Marie Boudreau, Quebec City, gets ready to start Sunday’s Minus33 Eastern Telemark Series sprint classic at Wildcat Ski Area in Pinkham Notch, N.H. The race involves both Alpine and Nordic features.
Marie Boudreau, Quebec City, gets ready to start Sunday’s Minus33 Eastern Telemark Series sprint classic at Wildcat Ski Area in Pinkham Notch, N.H. The race involves both Alpine and Nordic features.

Telemark racing isn’t about old-school soft leather boots and three-pin bindings anymore.

The gear’s lighter and sturdier. There are still giant slalom gates, but there’s also a jump — a 360 degree banked turn called a reipelykkje — and cross-country style sprints.

There is now a Telemark freeskiing discipline, too.

“There is more of an adventure race type of mentality to competitive telemark,” says United States Telemark Ski Association (USTSA) President Garrett Long. “You take the gates of an alpine course and throw in the adrenaline of jumps and the endurance of cross-country.”

The non-profit USTSA is the governing body of the U.S. Telemark Ski Team and Telemark Freeskiing. It oversees several New England races, including the Minus33 Eastern Telemark Series sprint classic last Sunday at Wildcat Mountain Ski Area in Pinkham Notch, N.H.

Telemark is a free-heeled pursuit combining both Alpine and Nordic styles. It was developed in Norway’s Telemark region and pioneered by racer Sondre Nordheim in the late 1860s.

Though Telemark has a relatively recent racing history in the U.S., it’s been getting crazy.

In the one-run classic format, racers go through gates but also have features that can include a jump, the reipelykkje (pronounced “rap-uh-loosh-uh” and also known as the rap) — roundabout sprint on a 360-degree layout — and a skating section. The sprint classic is similar to the classic format, but racers take two runs and the course is shorter.

The parallel sprint classic is a single elimination race that has two competitors going side-by-side in a course that has a mid-route jump, followed by the rap and a skate. That was introduced to World Cup racing in 2012 with hopes of it becoming part of the Olympics.

New Boston, N.H. resident Miles Fey, 17, used to be a terrain park guy, but now is a national Telemark development team member.

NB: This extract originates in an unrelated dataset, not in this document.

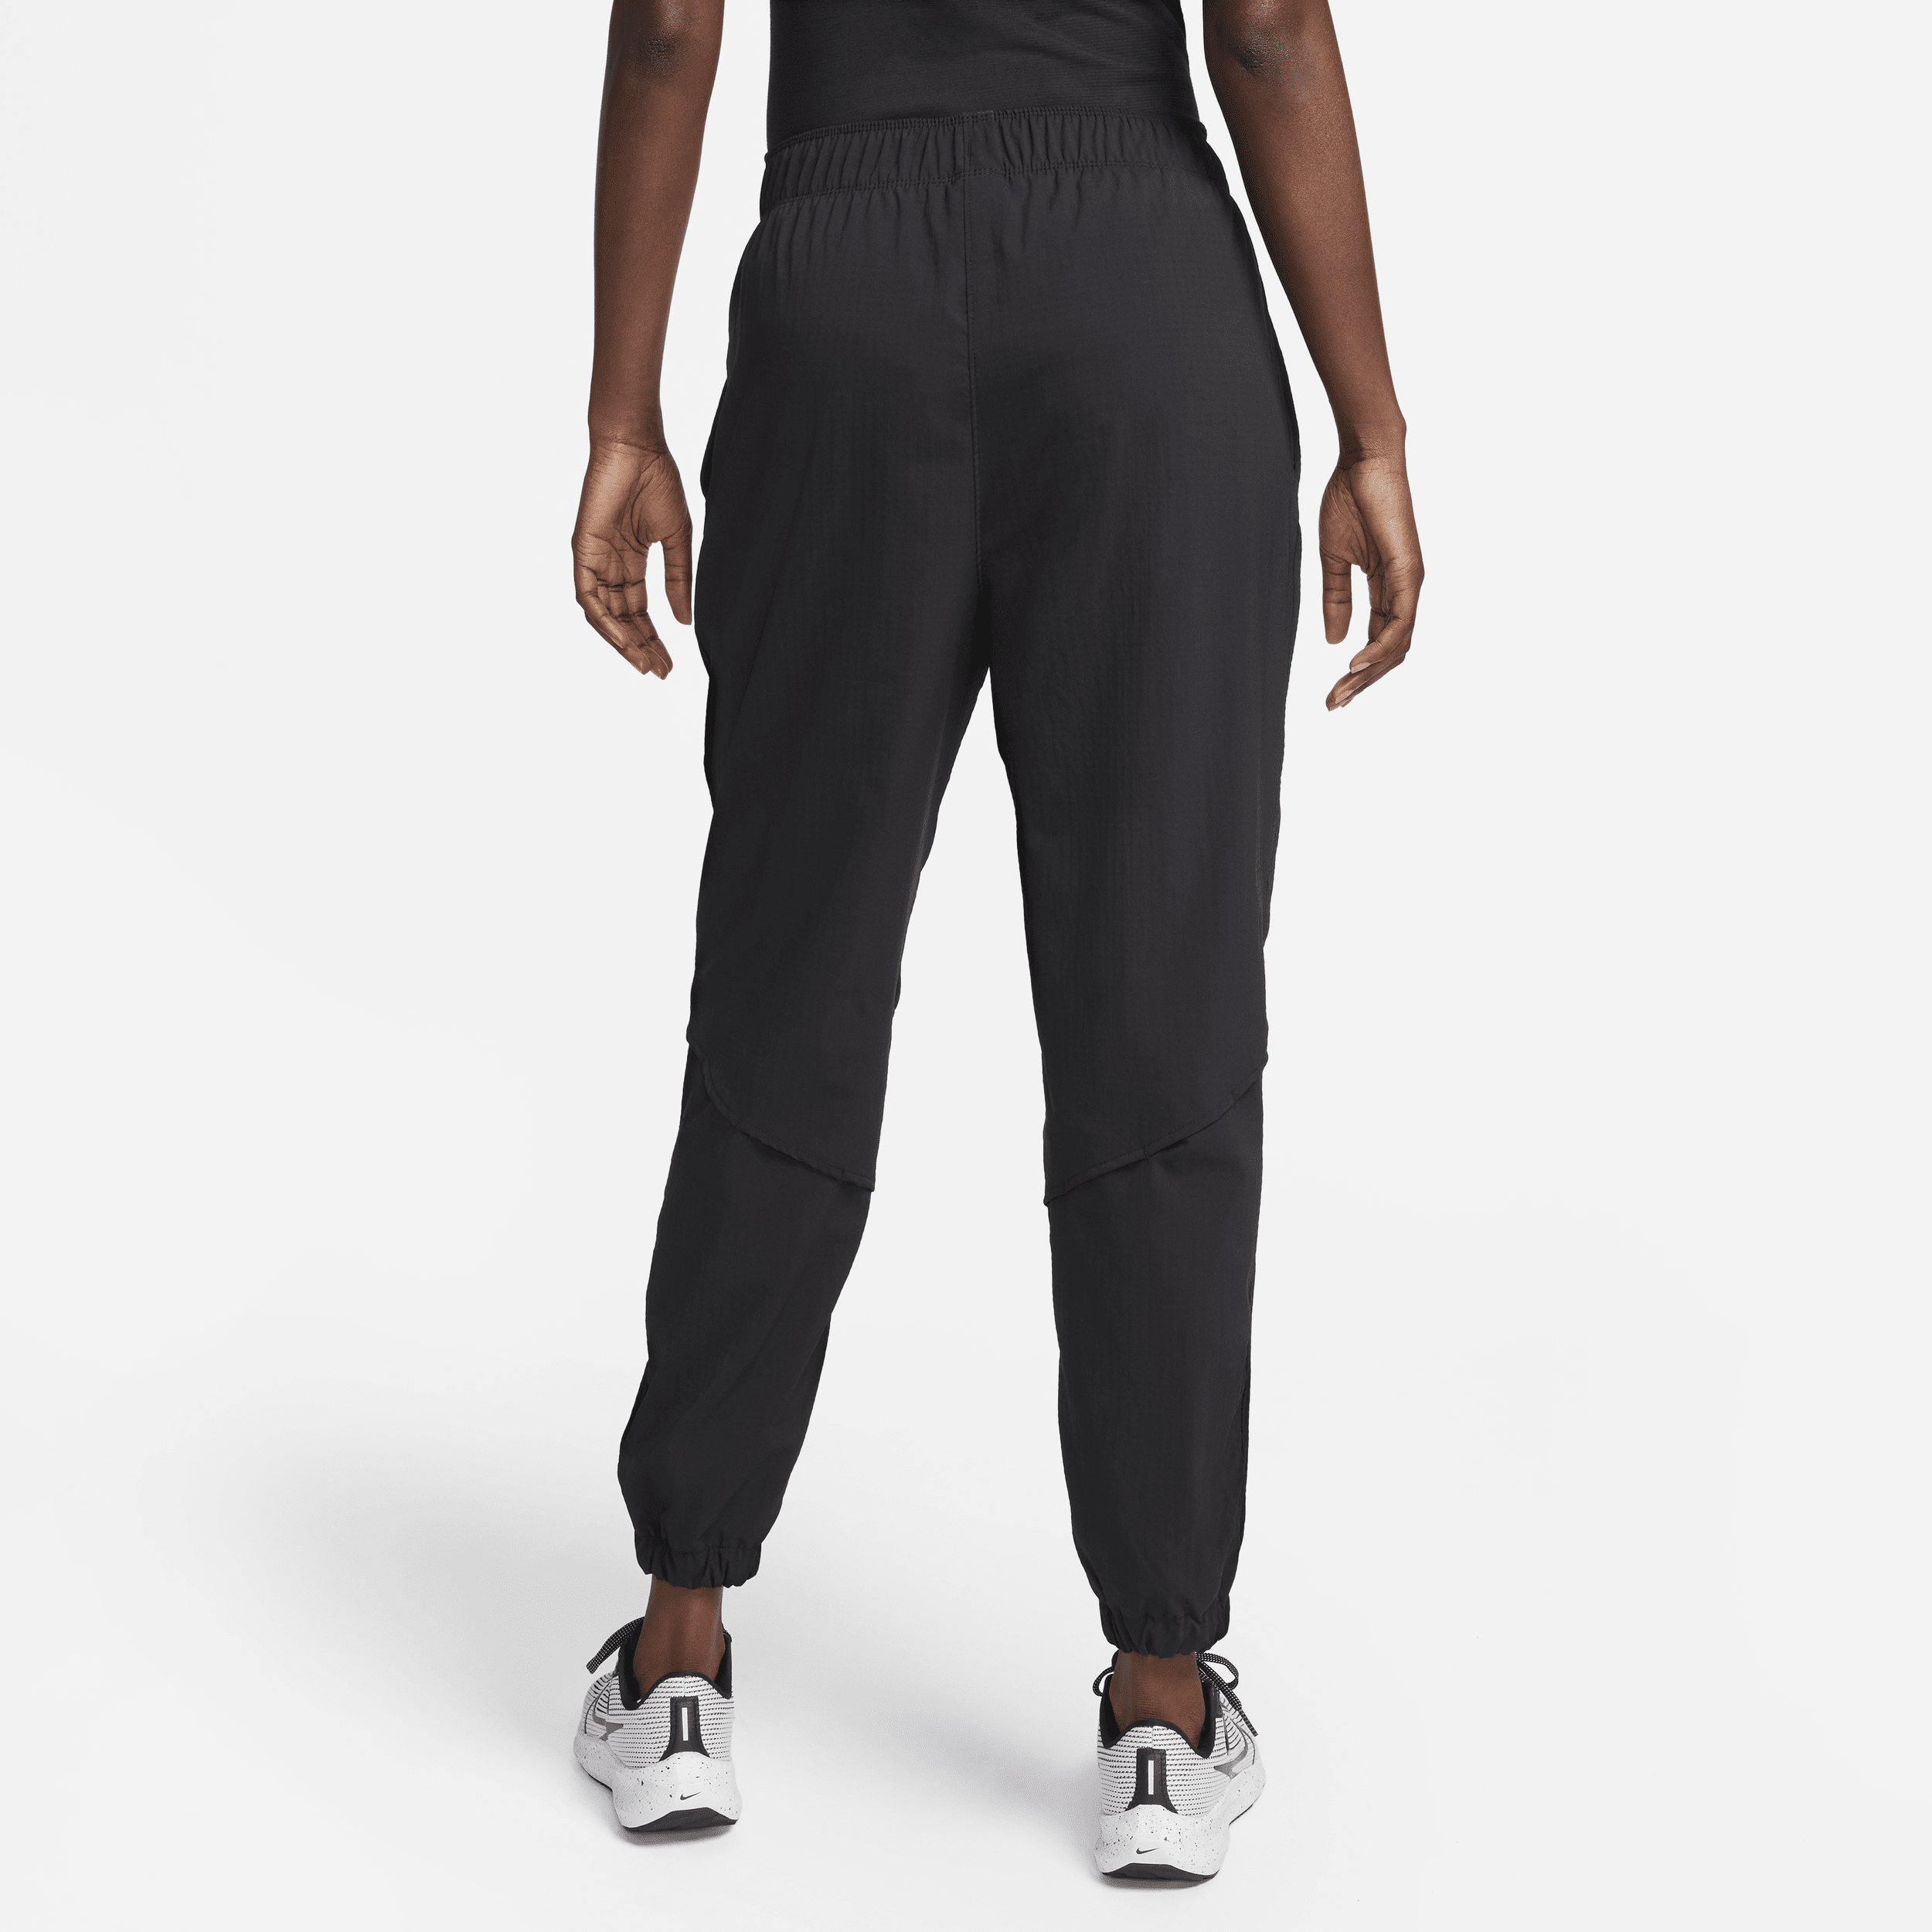 Nike Dri-FIT Fast 7 8-hardloopbroek met halfhoge taille voor warming-up voor dames Zwart

“I like that it encompasses lots of disciplines in one race — gates, jumps and Nordic,” said the Derryfield School student. “The jump provides a different dynamic. You need to have the right amount of speed and time your landing well. If not, you might eat it.”

Then there’s the circle, the rap.

“That’s crazy,” he says. “It’s like a pump track and it gives you a push to start the skate.”

Montreal’s Antoine Belanger-Morin is on the Canadian national Telemark team and has raced in several championships. His father competed in World Cup Telemark.

“It is a very complete sport and you have to be a complete athlete to do the sport,” he said.

Belanger-Morin trains in the gym and runs gates on weekends, but it’s the final Nordic stretch that truly draws him to the sport.

“The skating section, this is where I usually win my race,” he said. “Everything about the race is cool, but skating is where you win or lose.”

Speed is not the only important part of Telemark racing. There are judges on the course checking skiers’ stances around gates and whether they clear the “jump line” on jumps. That’s where penalties come into play and can deduct 1-3 seconds off finish times.

One of those judges is Beth Long, of Queeche, a veteran USTSA volunteer. Her son, Garrett, is the USTSA president, daughter-in-law Melinda is USTSA secretary and son Jack is a race official.

“The faster racers are the clean racers,” she said. “They generally win. Technical skiing makes a difference.”

Cowbells ring along the race course. Racers complete their run and then stop and cheer on their competitors. There’s a social atmosphere.

“Alpine racing has a go-go mentality,” said Melinda Long. “Telemark tends to follow Tele-time, a little bit slower, more easy-going.”

She says many spectators are shocked when they see the jumps at races.

“The jump and the rap get people interested,” she said.

Wildcat general manager Brian Heon says there’s a demand for this type of racing.

“Hosting an event like this heightens the general public’s awareness that something like this exists,” he said.

There are also open races and demos gear from Telemarkdown.

A mini-classic Telemark race is planned for Friday at Granite Gorge in Roxbury, N.H., and the Telemark Down Eastern Series Final Sprint Classic is March 11 at Crotched Mountain in Bennington, N.H.. There’s also the Freeheel Life Cup at Wyoming’s Grand Targhee in March, expected to attract more than 300 freeskiers.

Plus, the USTSA may bid to to host World Cup races next season, with one possibly in New England.

“We are analyzing options,” Garrett Long said. “There is a bit of a process to go through, line up and work out.”